Интеллигенции важна не столько оплата своего труда, сколько свобода, без которой она неспособна существовать. Ибо без свободы нет ни научного, ни духовного творчества. Дух без свободы вырождается, чахнет и гибнет. Полицейское государство воспроизводит полицейскую «интеллигенцию» — это суррогат мысли, духа, творчества.

23 августа 1862 г. Лев Николаевич Толстой отмечает в дневнике: «Подал письмо государю».

Какое письмо? В чем дело?

Ответ можно найти в переписке Льва Николаевича. Писал он тысячи писем, и они составляют десятки томов — для меня они интересней большинства литературных произведений.

Вот письмо графине Александре Андреевне Толстой из Ясной Поляны 7 августа 1862 г.:

«Я вам писал из Москвы; я знал все только по письму; теперь, чем дольше я в Ясной, тем больней и больней становится нанесенное оскорбление и невыносимее становится вся испорченная жизнь… Дела этого оставить я Никак не хочу и не могу… Выхода мне нет другого, как получить такое же главное удовлетворение… К Герцену я не поеду. Герцен сам по себе, я сам по себе (имеется в виду возможность обратиться к Герцену в Лондон за публикацией разоблачений действий царской администрации. — Ю. В.). Я и прятаться не стану, я громко объявляю, что продаю именья, чтобы уехать из России, где нельзя знать минутой вперед, что меня, и сестру, и жену, и мать не скуют и не высекут, — я уеду…
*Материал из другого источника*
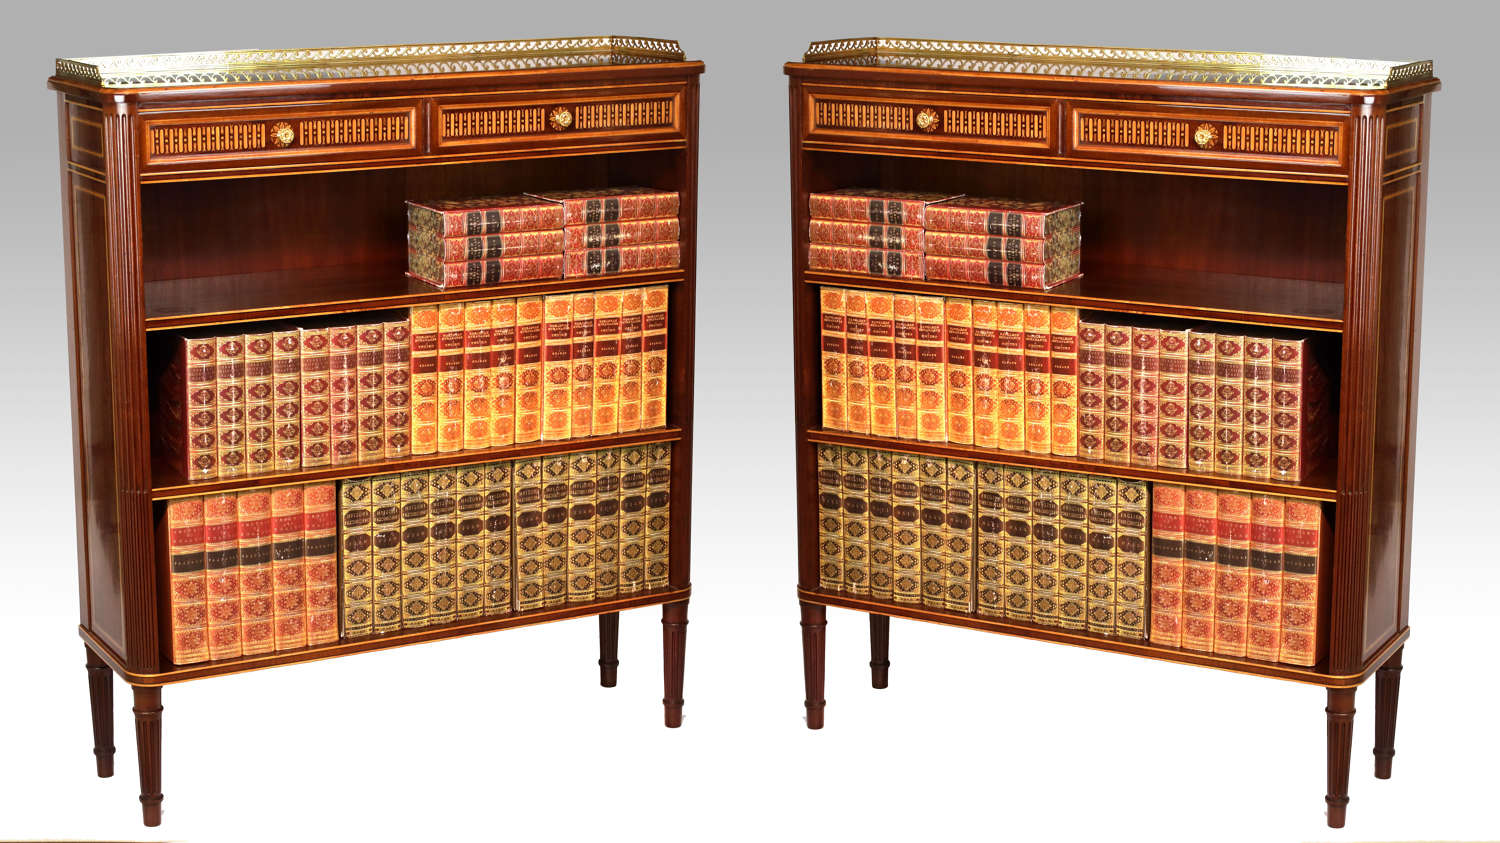 An Exhibition Quality Pair of Mahogany Inlaid Standing Bookcases
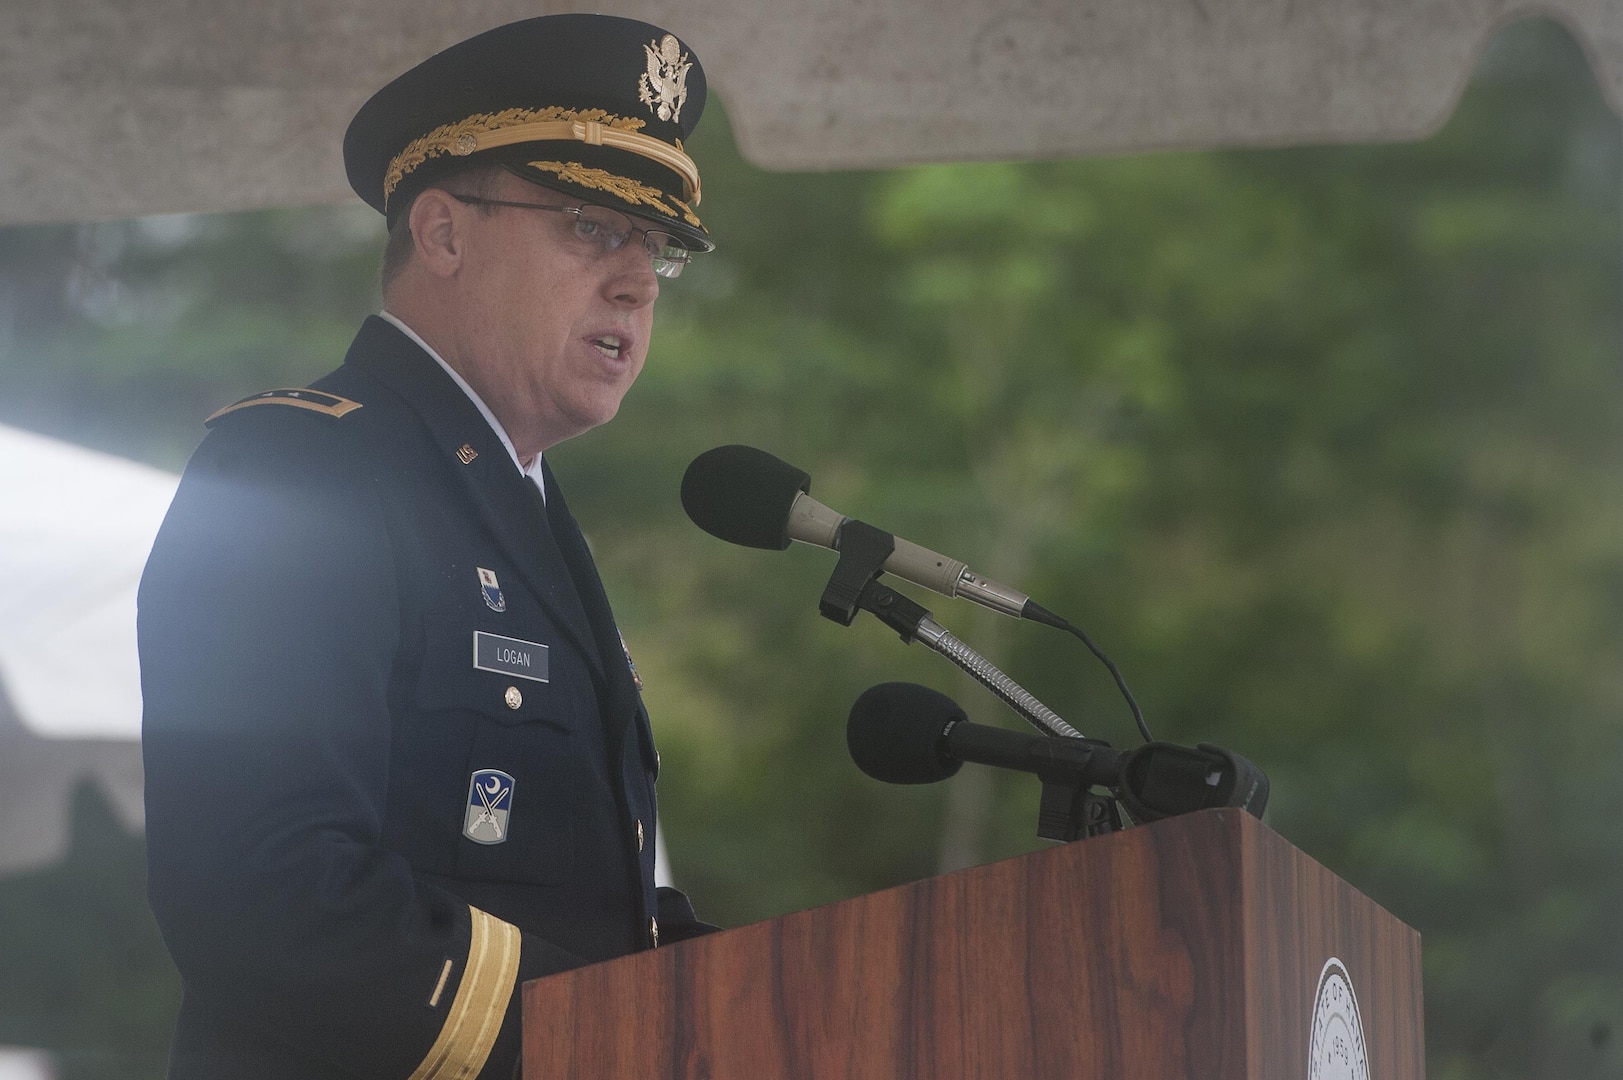 U.S. Army Maj. Gen. Arthur J. Logan, the adjutant general of the state of Hawaii, provides welcoming remarks during the 2015 Governor’s Veterans Day Ceremony at the Hawaii State Veterans Cemetery Nov. 11, in Kaneohe, Hawaii. The ceremony included music provided by the 111th Army Band, a military wreath placing conducted by U.S. Pacific Command leadership and a rifle salute performed by the Hawaii Air National Guard Honor Guard team. (U.S. Air Force photo by Staff Sgt. Christopher Hubenthal)

6 июля с колокольчиками и вооруженными жандармами подскакали три тройки к Ясеневскому дому… Судьи и властелины, от которых зависела моя судьба… состояли из какого-то жандармского полковника Дурново, Крапивенского исправника, станового и частного пристава — Кобеляцкого, выгнанного из какой-то службы за то, что он был бит по лицу… Этот самый господин прочел все письма, которые читали только я и та, которая их писала, и мой дневник, который никто не читал… вся поездка в наших глазах не имеет другой цели, кроме оскорбления и показания того, что дамоклесов меч произвола, насилия и несправедливости всегда висит над каждым. Частный пристав и жандарм не преминули дать почувствовать это всем в доме: они делали поучения, угрожали тем, что возьмут, требовали себе есть и лошадям корму без платы. Вооруженные жандармы ходили, кричали, ругались… как в завоеванном крае… частный пристав прочел все, что мне писано и что я писал с 16 лет… Они читали и откладывали подозрительные письма и бумаги… Мало этого, они поехали в другую мою Чернскую деревню, почитали бумаги покойного брата, которые я, как святыню, беру в руки…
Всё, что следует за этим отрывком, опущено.